The American Immigration Council report underscores the key role immigrants play in the state’s workforce

July 11, 2022
Last modified: 
July 13, 2022

AUSTIN, TX – New research on The Economic Contributions of Immigrants in Texas released today by Texans for Economic Growth–a statewide 125+-member business coalition powered by the American Immigration Council–in partnership with the Texas Association of Business and the Texas Business Leadership Council underscores the crucial role immigrants in Texas play in some of the state’s fastest growing and most in demand fields.

“Workforce is one of the top issues for businesses across our state. We need to do everything we can to ensure we have the right immigration policies in place so that some of the hardest working people on the planet can come to the U.S. and contribute to our economy,” said Glenn Hamer, president and CEO of the Texas Association of Business. “This report illustrates the tremendous contributions immigrant workers make in Texas and that our economy heavily relies on them.”

Justin Yancy, president of the Texas Business Leadership Council (TBLC) added,

“The TBLC is proud to partner with the American Immigration Council (the Council) in highlighting the importance of immigration reform, especially as it relates to our state and nation’s economic prosperity. According to the Council, immigrants make up more than 13% of healthcare workers—one of the most in-demand career fields in the country. In Texas, according to this new report, we have seen a 91% increase in job postings for healthcare professionals and a 265% increase in posts requesting bilingual skills. Texas is in critical need of qualified, bilingual healthcare professionals, and immigrants to our country — whether they are holding a visa, are a DACA recipient, or a newly naturalized U.S. citizen — are helping to relieve this labor shortage.”

 

Key findings:

  • Growth in the immigrant population has helped strengthen the Texas labor force. In 2019, immigrants in Texas comprised 17.1 percent of the population, but 21.9 percent of the state’s overall workforce. As of 2021, there were 7.1 million Texans aged 55 and older expected to retire in the next decade.
  • The Texas economy continues to expand, with job postings more than doubling from 1.85 million in 2017 to 3.84 million in 2021. Immigrants will be crucial to meeting demand in the sectors that power the Texas economy.
  • Manufacturing is a key economic driver in Texas. In 2019, the economic output of the state’s manufacturing sector was larger than the manufacturing GDP of either Russia or Mexico, and of Portugal’s entire national economy. The greatest number of online job postings in 2021 was for production workers; postings tripled from 7,508 to 23,010 in five years.

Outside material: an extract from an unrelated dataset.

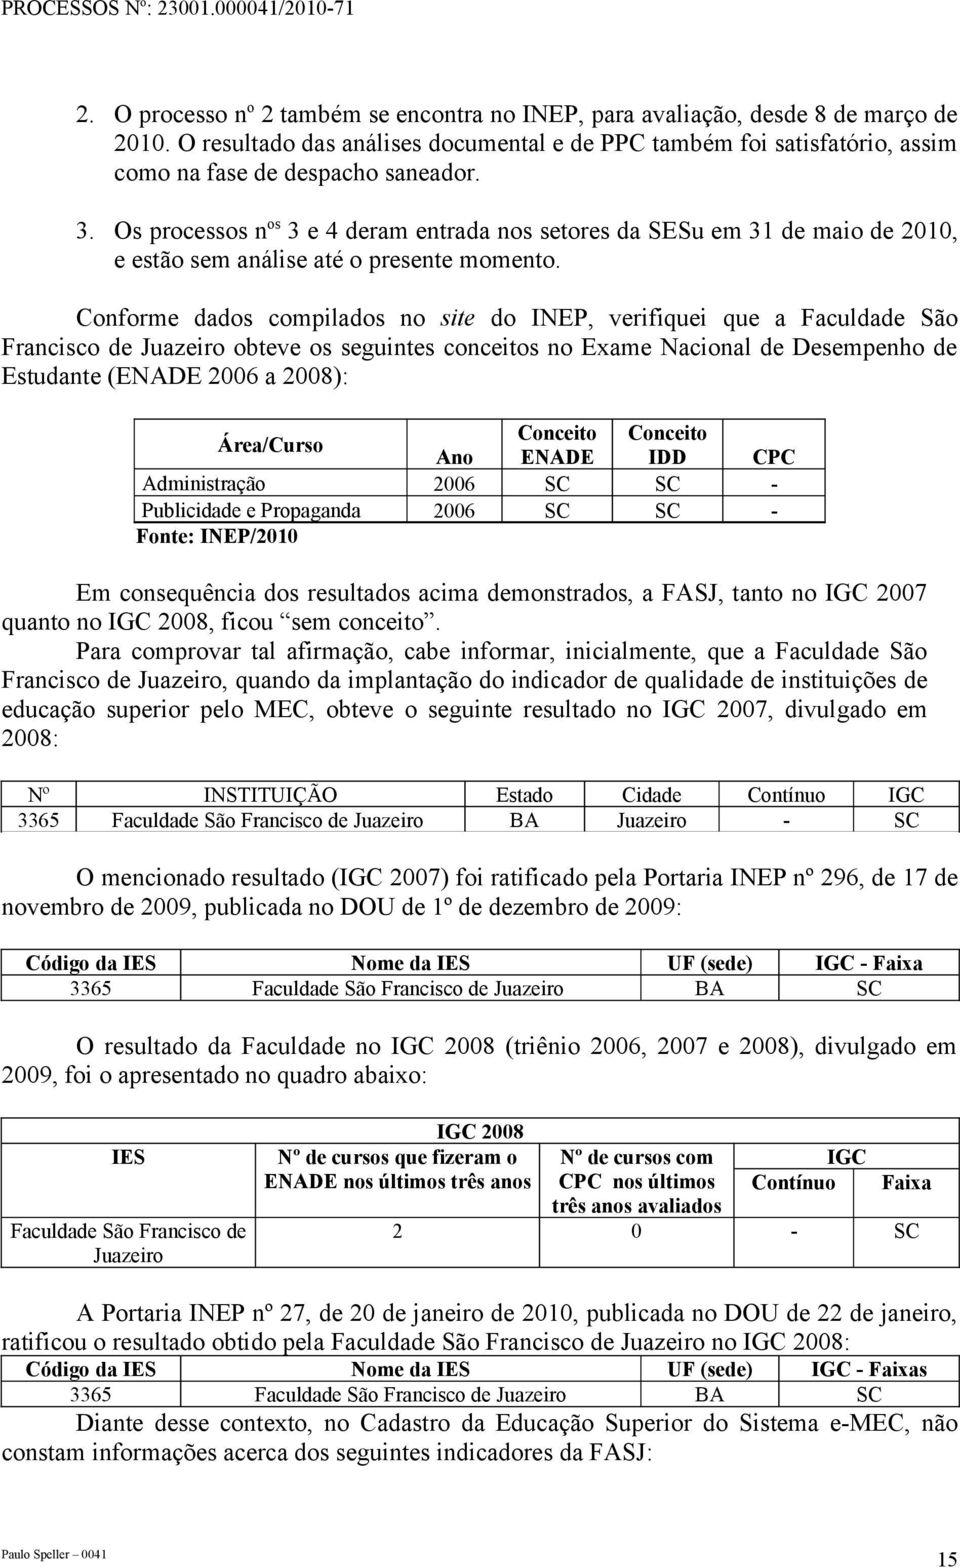 Conforme dados compilados no site do INEP, verifiquei que a Faculdade São Francisco de Juazeiro obteve os seguintes conceitos no Exame Nacional de Desempenho de Estudante (ENADE 2006 a 2008):
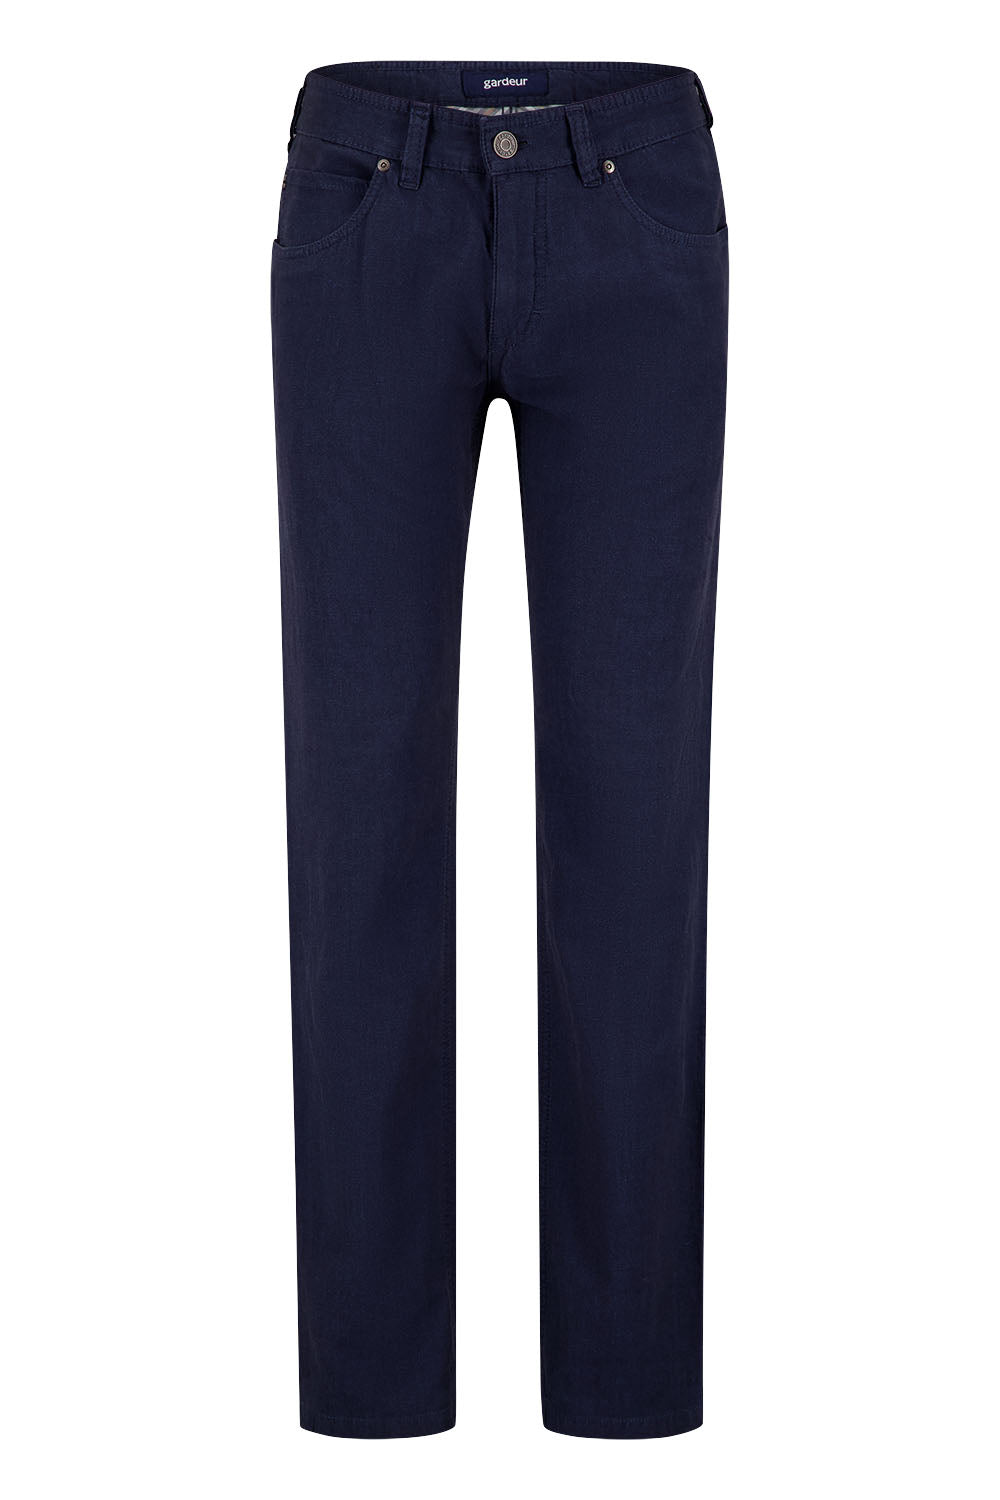 Gardeur - Bill-3 Superior Linen Trousers, Blue

In 2019, immigrants made up 28.3 percent of all production workers in Texas.
  • Job postings in the healthcare industry increased by 90.9 percent from 2017 to 2021, and job postings for healthcare occupations that requested bilingual workers grew by 264.6 percent. In 2019 20.4 percent of registered nurses (RNs), 14.5 percent of licensed practical nurses (LPNs), and 28.7 percent of home healthcare aides were immigrants.
  • Immigrants play a critical role in easing teacher shortages. From 2017 to 2021, online job postings for teachers and teaching assistants in Texas K-12 schools doubled. During that same period, online job postings for K-12 teachers and educational support occupations that listed bilingual skills grew by 158.1 percent.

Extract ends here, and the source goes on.